Genitori e studenti in piazza: “Scuola in presenza”

MANTOVA  Anche questa domenica piazza Sordello ha ospitato gli esponenti del movimento nazionale “Scuola in presenza” e dell’associazione “Scuole aperte Mantova” che hanno manifestato pacificamente.
Cappelli a cono d’asino, per denunciare la dispersione scolastica, campanelle, a scandire gli intervalli che non si fanno più nelle classi, zaini e slogan dei bambini, a significare che soprattutto scolari e studenti chiedono una interruzione della Dad: questi gli oggetti-simbolo portati in piazza dai manifestanti perché il loro grido d’ aiuto rivolto alle autorità faccia capire che la chiusura degli istituti scolastici non incide nella riduzione del contagio o dell’indice pandemico, ma piuttosto mina l’equilibrio e la salute psico-fisica di tutti i giovani e giovanissimi.

“Noi Famiglie Invisibili”, rappresentati da un gruppo di famiglie del Bresciano, iniziano a parlare con il volto coperto da una maschera bianca perché «nessuno si è mai rivolto a noi come entità esistenti e reali; abbiamo l’impressione ci sia stato negato anche un diritto minimo di umanità».

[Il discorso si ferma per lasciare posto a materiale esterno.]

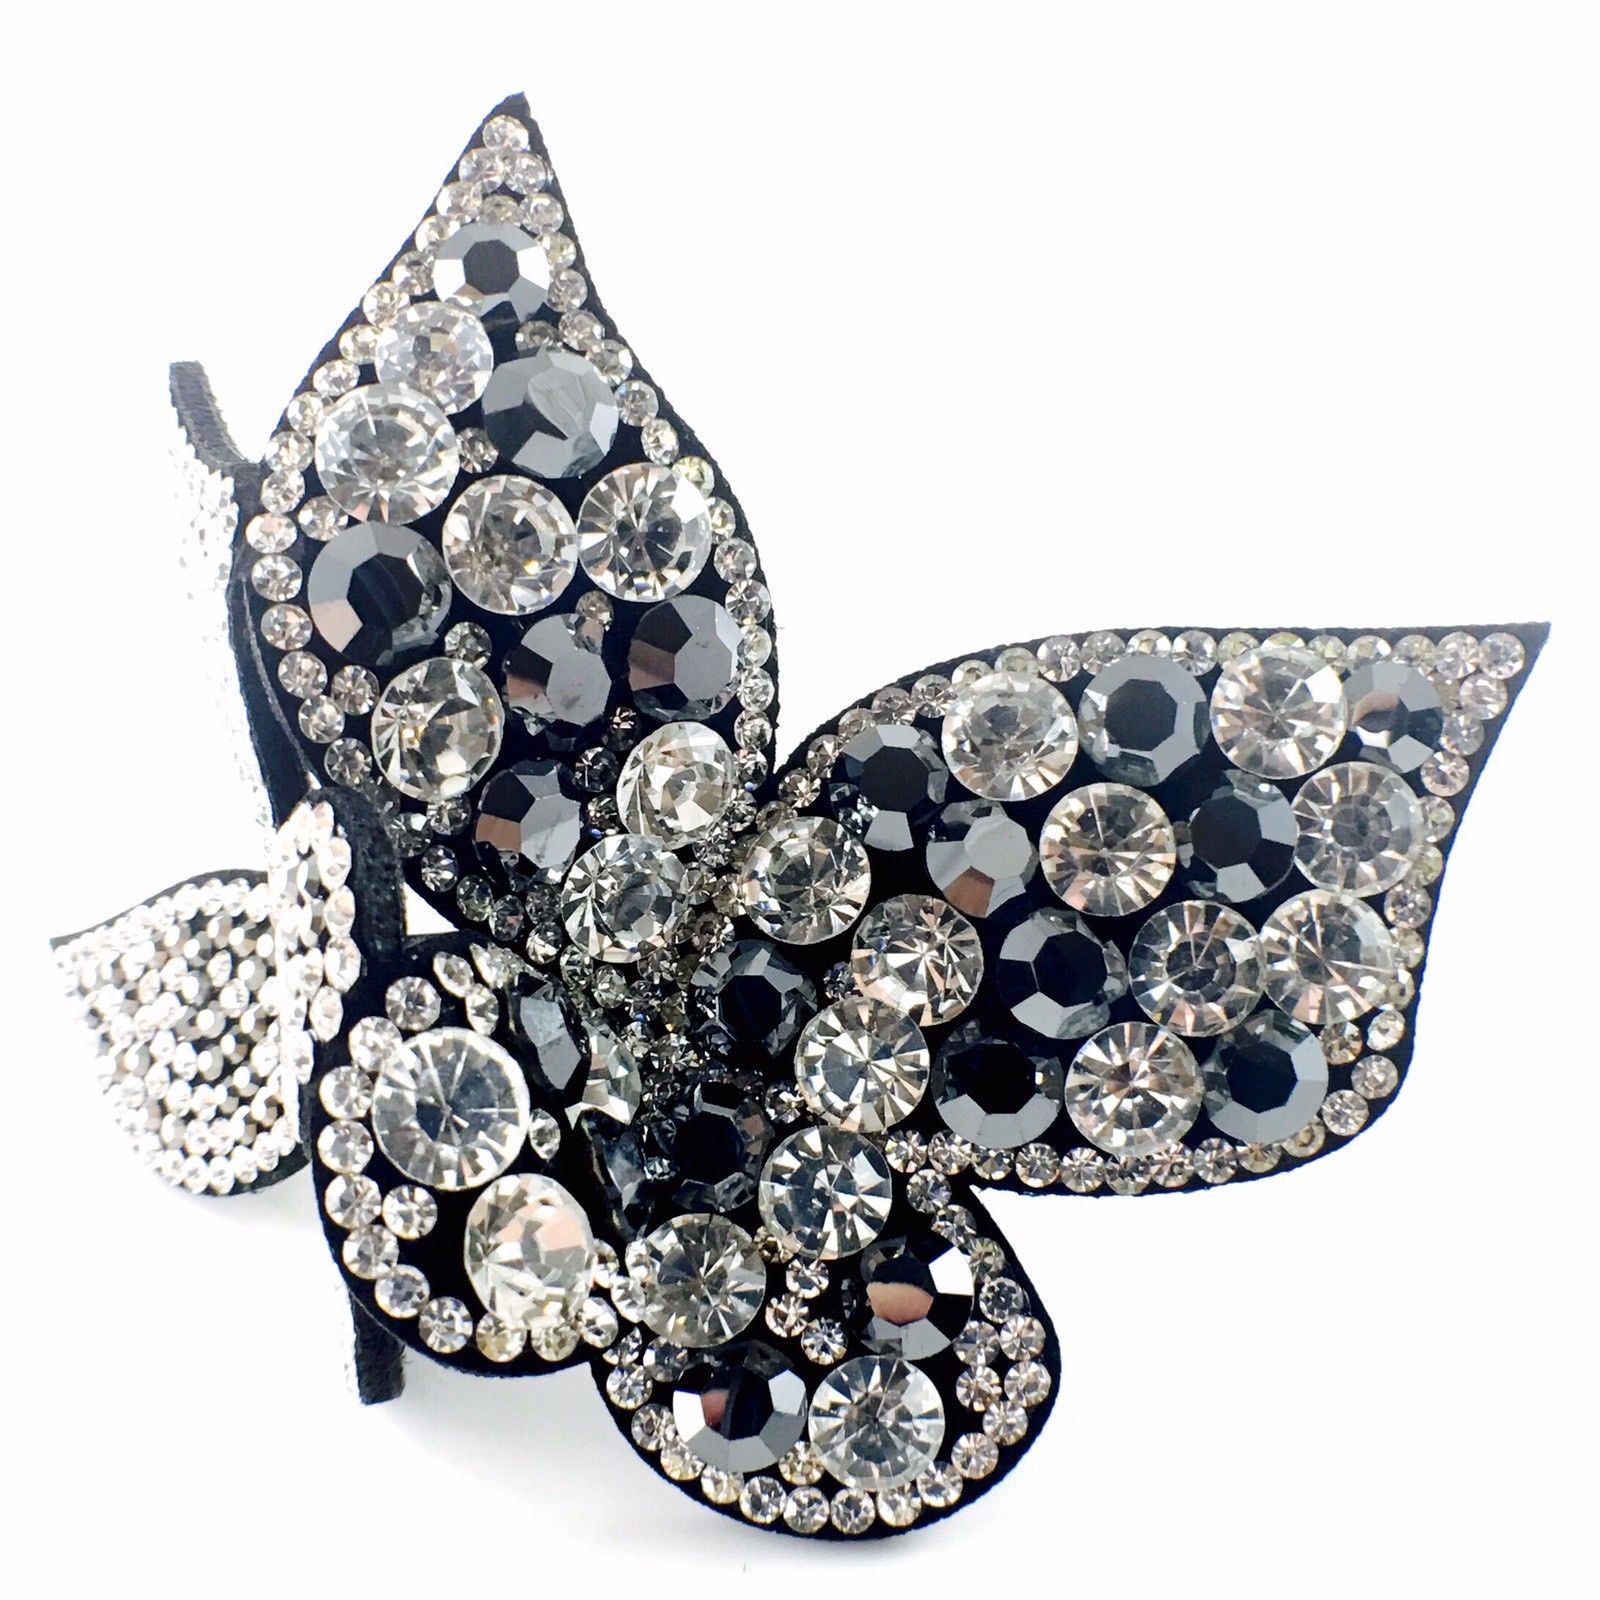 Butterfly Barrette Handmade use Swarovski Crystal Fabric base Silver Gray, Barrette - MOGHANT

Proseguono, con grande dignità e fermezza, nel perorare la loro causa: «Abbiamo accettato tutto, banchi a rotelle, ettolitri di soluzione igienizzante, riassegnazioni delle aule, mascherine a “pannolino”, finestre spalancate in pieno inverno per far circolare l’aria. Tutto questo non è servito a nulla; a distanza di un anno – dopo un susseguirsi di zone gialle, arancioni e rosse – abbiamo ancora le scuole chiuse. Non vogliamo più la Dad e, soprattutto, il gioco della “Strega Comanda i Colori” lasciamolo fare finalmente ai bambini!».

Vengono lette lettere scritte da insegnanti elementari che raccontano di bambini con i lacrimoni agli occhi quando hanno saputo che dovevano lasciare la loro maestra e i loro compagni una volta ancora. Mamme che raccontano di essere andate con i propri figli sotto le finestre delle scuole frequentate dai loro ragazzi per dare una parvenza di normalità alla Didattica a distanza; sì perché «come dice De Luca, i nostri figli non sono stati cresciuti con il “latte al plutonio”» conclude un’altra madre chiedendo solo aiuto affinché si divulghi la situazione reale di una didattica fredda e inservibile.

La sofferenza che tutti gli studenti stanno provando, nell’isolamento delle loro case e nell’impossibilità di tornare ad una scolarità normale, è innegabile ed è confermata anche dalle parole del dott. Hussein Tafla, pediatra mantovano. «Il disagio a livello psicologico nei giovani e nei bambini– spiega Tafla – è cresciuto in maniera esponenziale nell’ultimo anno. La mascherina sicuramente aiuta nella non trasmissibilità del virus ma per i disturbi dell’umore non può fare nulla. In ambulatorio mi capita di vedere sempre più frequentemente ragazzi con disturbi dell’alimentazione, irritabilità, aggressività estrema, per non parlare poi di veri e propri gesti di autolesionismo. Non dobbiamo dimenticare che fino a qualche tempo fa ci si preoccupava di dire che non dovevamo lasciare i ragazzi davanti ad un PC se non per un tempo limitato; ora siamo noi adulti che li obblighiamo a rimanere davanti ad uno schermo a volte per più di 8 ore».